* [What is required]: In the listing that follows, give every line again exactly and omit the pictures.
[Opening The data section]
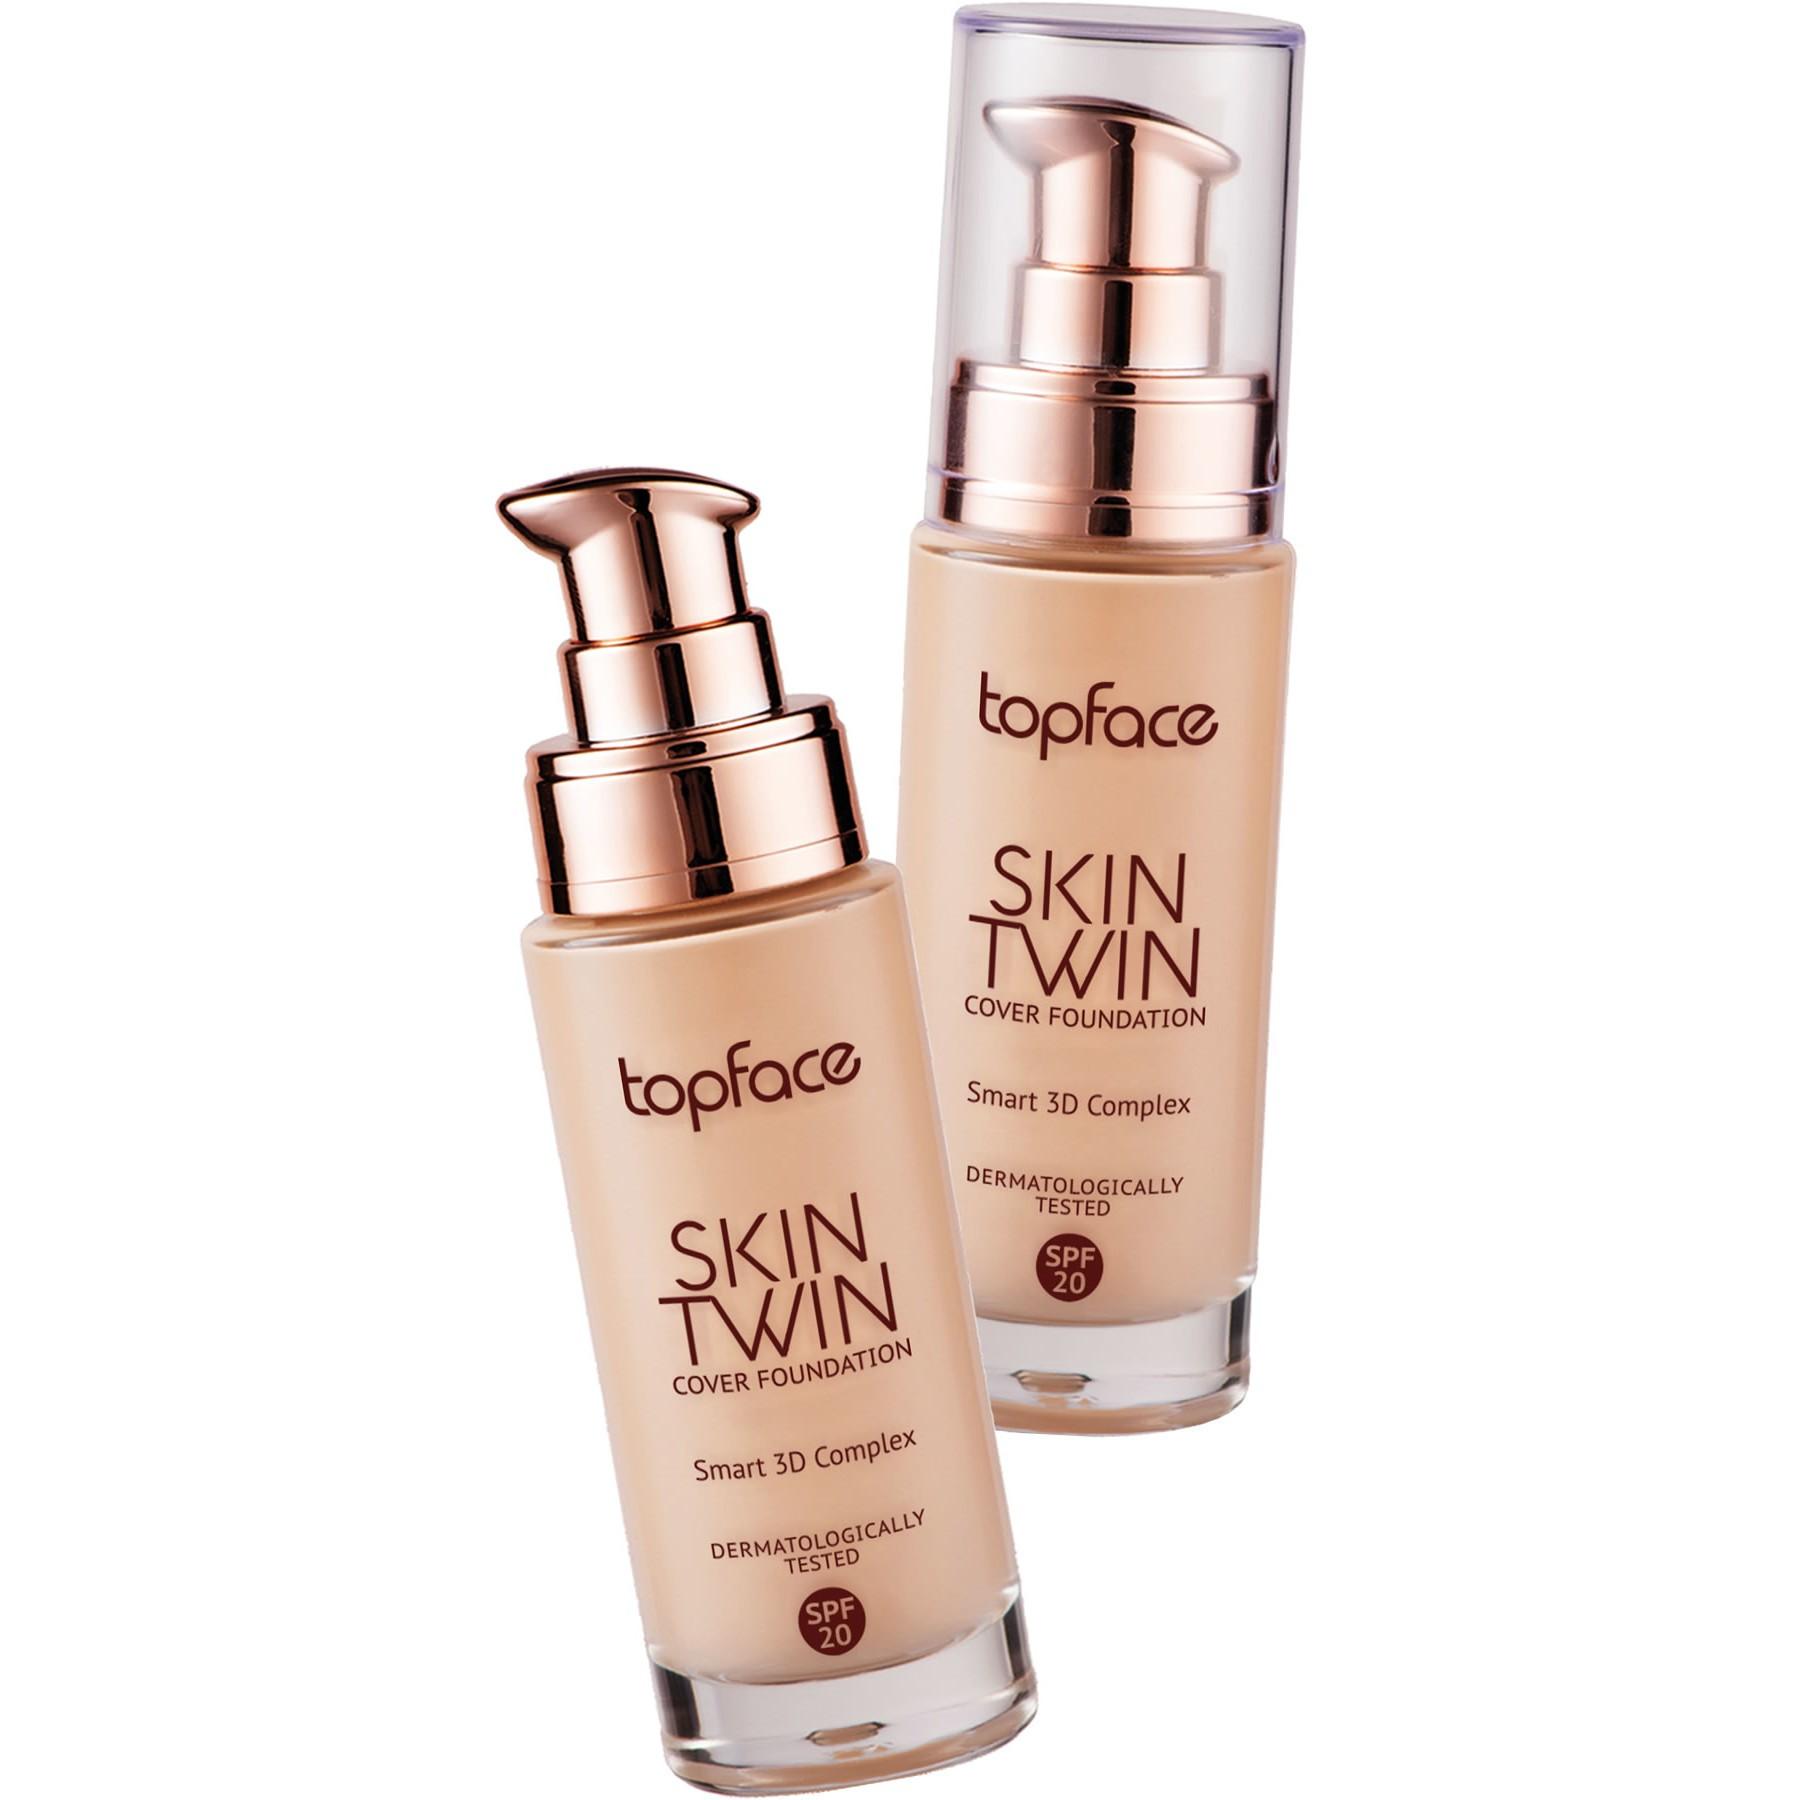 کرم پودر شیشه ای اسکین توین تاپ فیس - Topface Skin Twin Cover Foundation
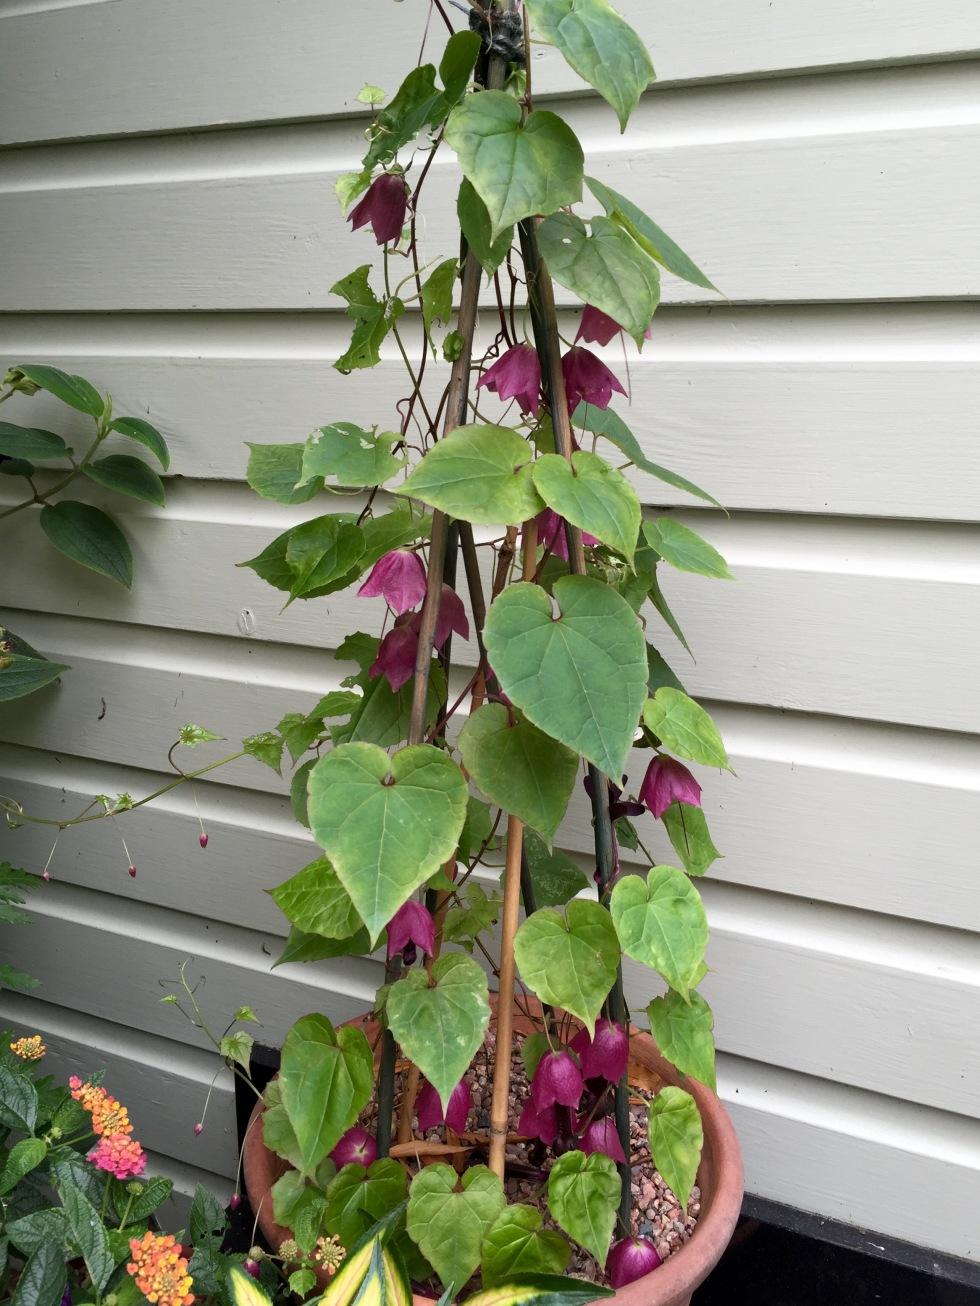 My purple bell vine still has plenty of energy
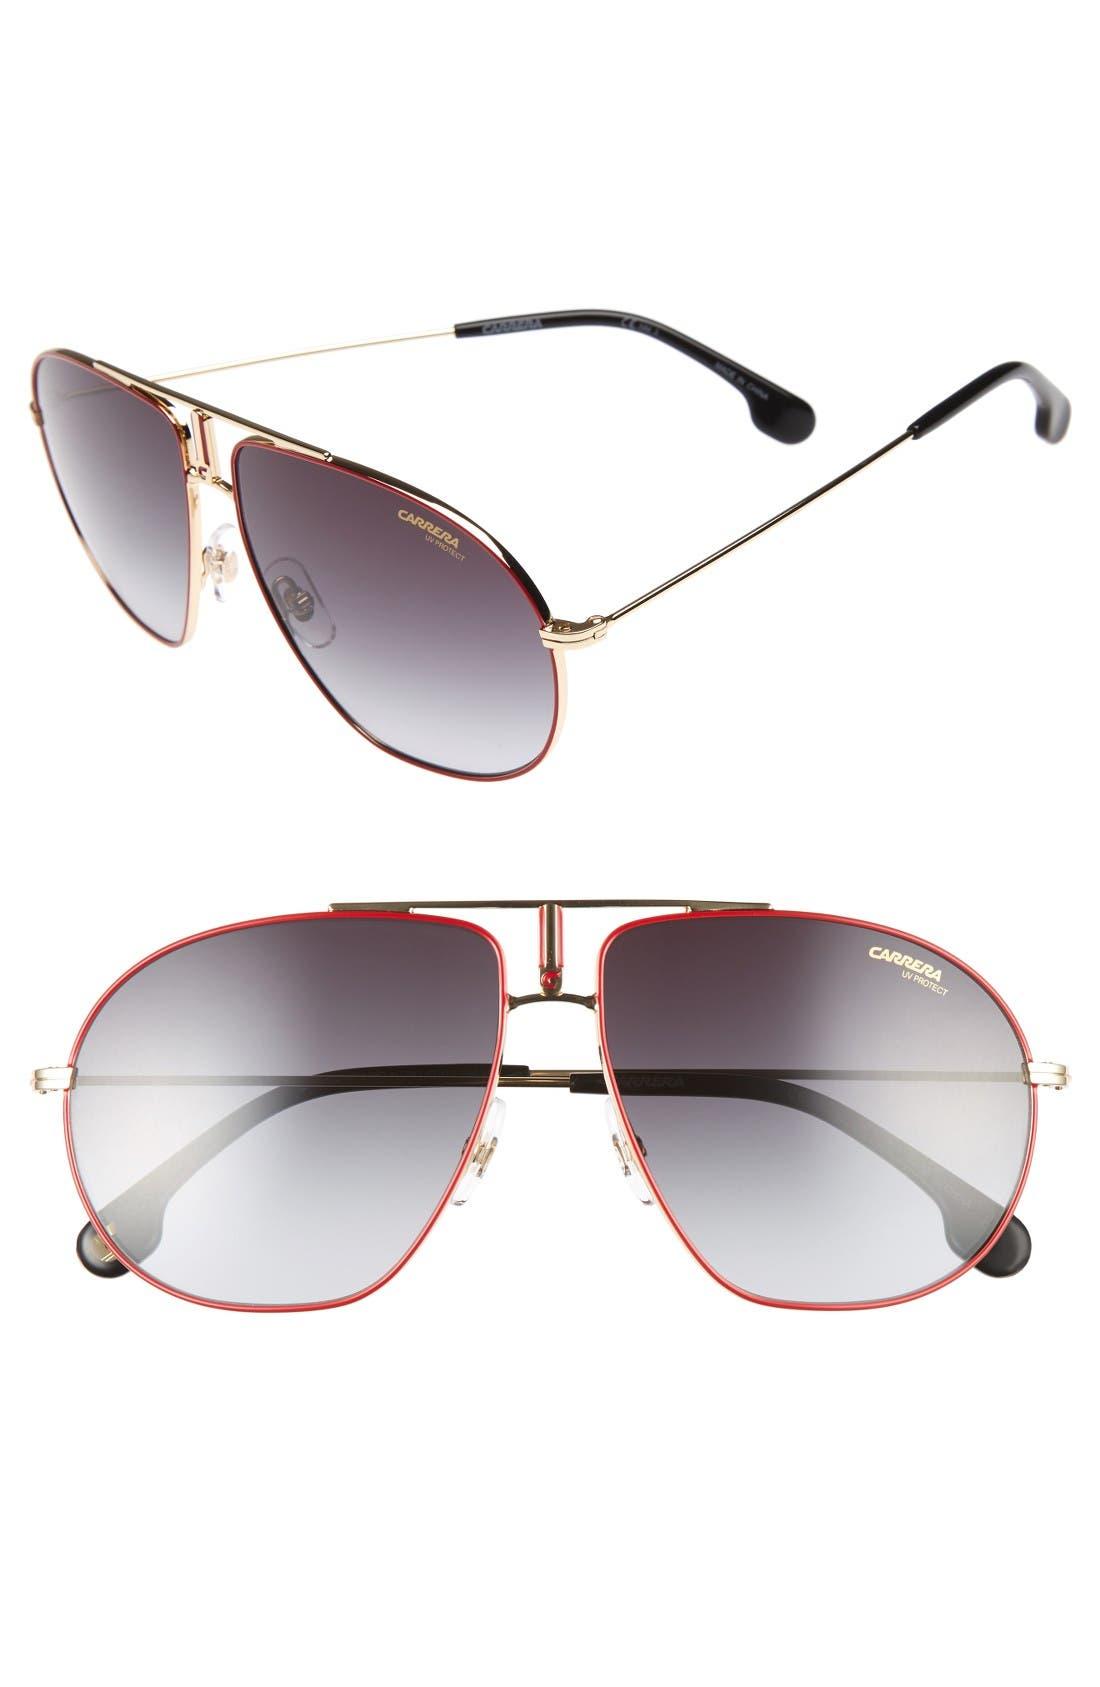 Carrera Bound 62mm Sunglasses,                         Main,                         color, Red Gold
[Closing The data section]
* [Solution below]:
 کرم پودر شیشه ای اسکین توین تاپ فیس - Topface Skin Twin Cover Foundation
 My purple bell vine still has plenty of energy
 Carrera Bound 62mm Sunglasses,                         Main,                         color, Red Gold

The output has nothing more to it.